On constant multi-commodity flow-cut gaps for directed minor-free graphs

TL;DR

This paper establishes the first constant upper bounds for the multi-commodity flow-cut gap in certain classes of directed graphs, advancing understanding of flow-cut relationships beyond undirected graphs.

Contribution

It proves that the flow-cut gap is constant for directed series-parallel graphs, graphs of bounded pathwidth, directed trees, and cycles, using new embeddings and quasipartitions.

Findings

Flow-cut gap is O(1) for directed series-parallel graphs.

Flow-cut gap is O(1) for directed graphs of bounded pathwidth.

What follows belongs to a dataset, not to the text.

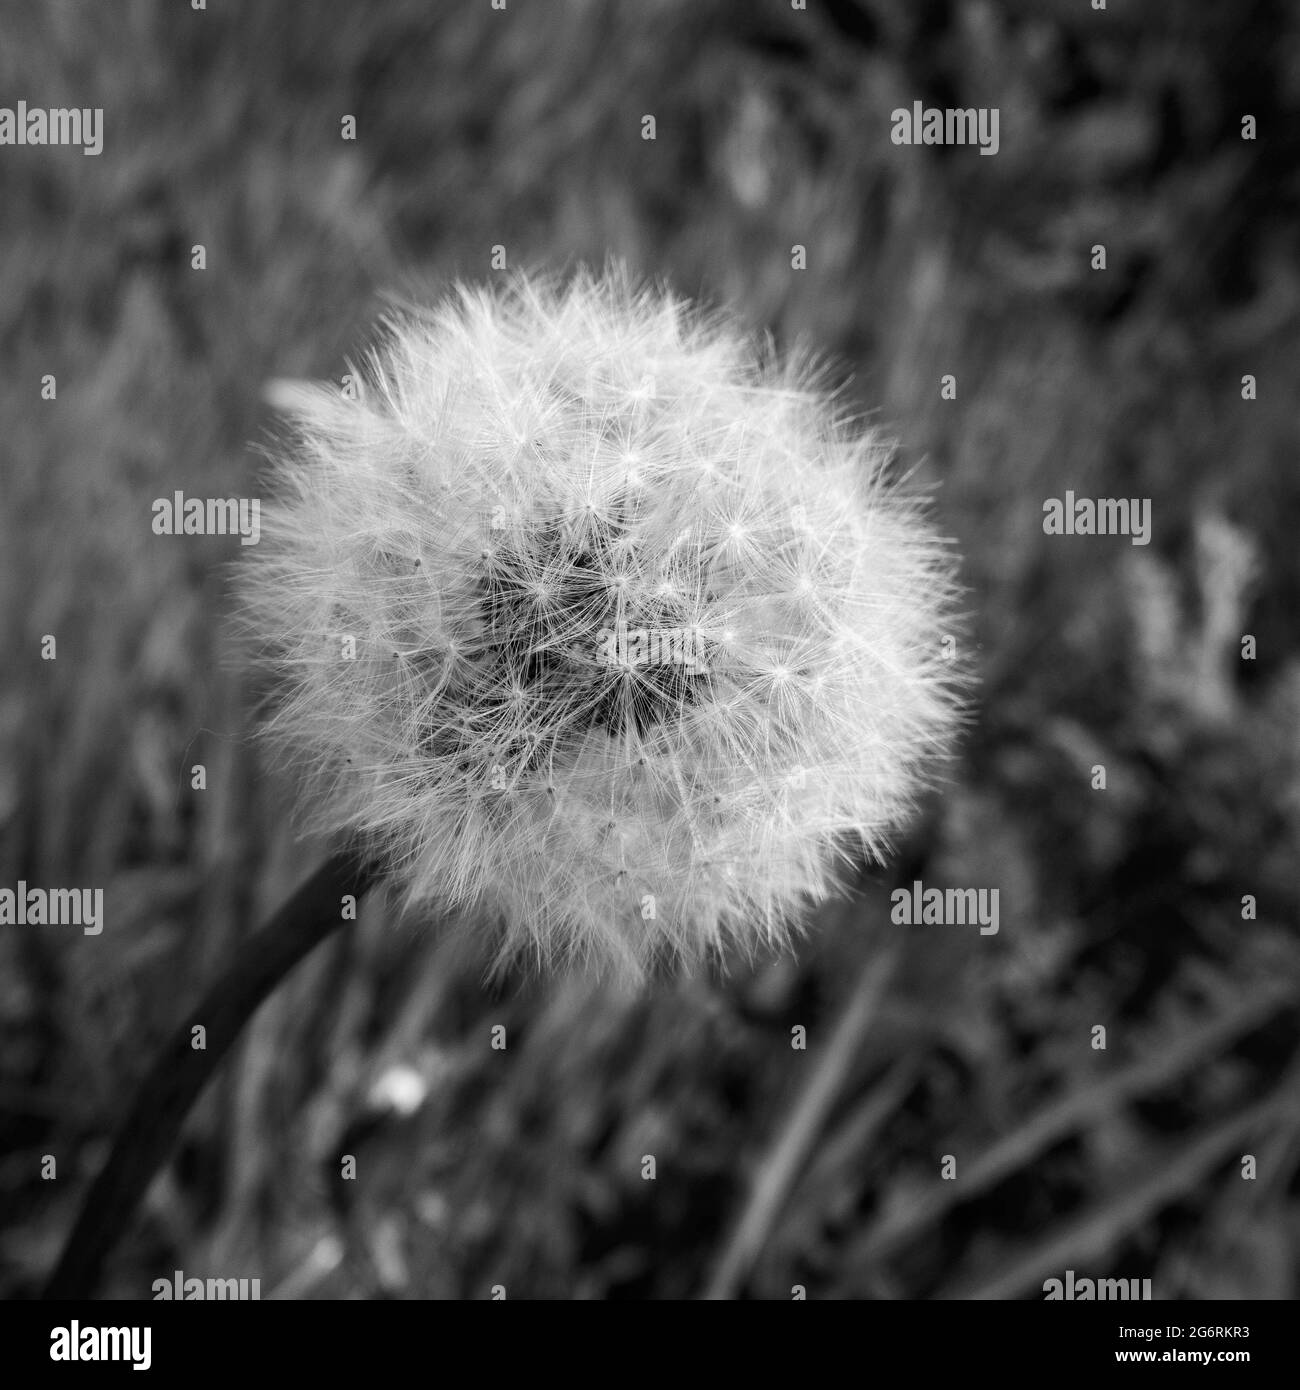 beautiful dandelion seed head in black and white beautiful dandelion seed head in black and white Stock Photo

New embeddings and Lipschitz quasipartitions are developed for quasimetric spaces.

Abstract

The multi-commodity flow-cut gap is a fundamental parameter that affects the performance of several divide \& conquer algorithms, and has been extensively studied for various classes of undirected graphs. It has been shown by Linial, London and Rabinovich \cite{linial1994geometry} and by Aumann and Rabani \cite{aumann1998log} that for general $n$-vertex graphs it is bounded by $O(\log n)$ and the Gupta-Newman-Rabinovich-Sinclair conjecture \cite{gupta2004cuts} asserts that it is $O(1)$ for any family of graphs that excludes some fixed minor. The flow-cut gap is poorly understood for the case of directed graphs. We show that for uniform demands it is $O(1)$ on directed series-parallel graphs, and on directed graphs of bounded pathwidth. These are the first constant upper bounds of this type for some non-trivial family of directed graphs. We also obtain $O(1)$ upper bounds for the general multi-commodity flow-cut gap on directed trees and cycles. These bounds are obtained via new embeddings and Lipschitz quasipartitions for quasimetric spaces, which generalize analogous results form the metric case, and could be of independent interest. Finally, we discuss limitations of methods that were developed for undirected graphs, such as random partitions, and random embeddings.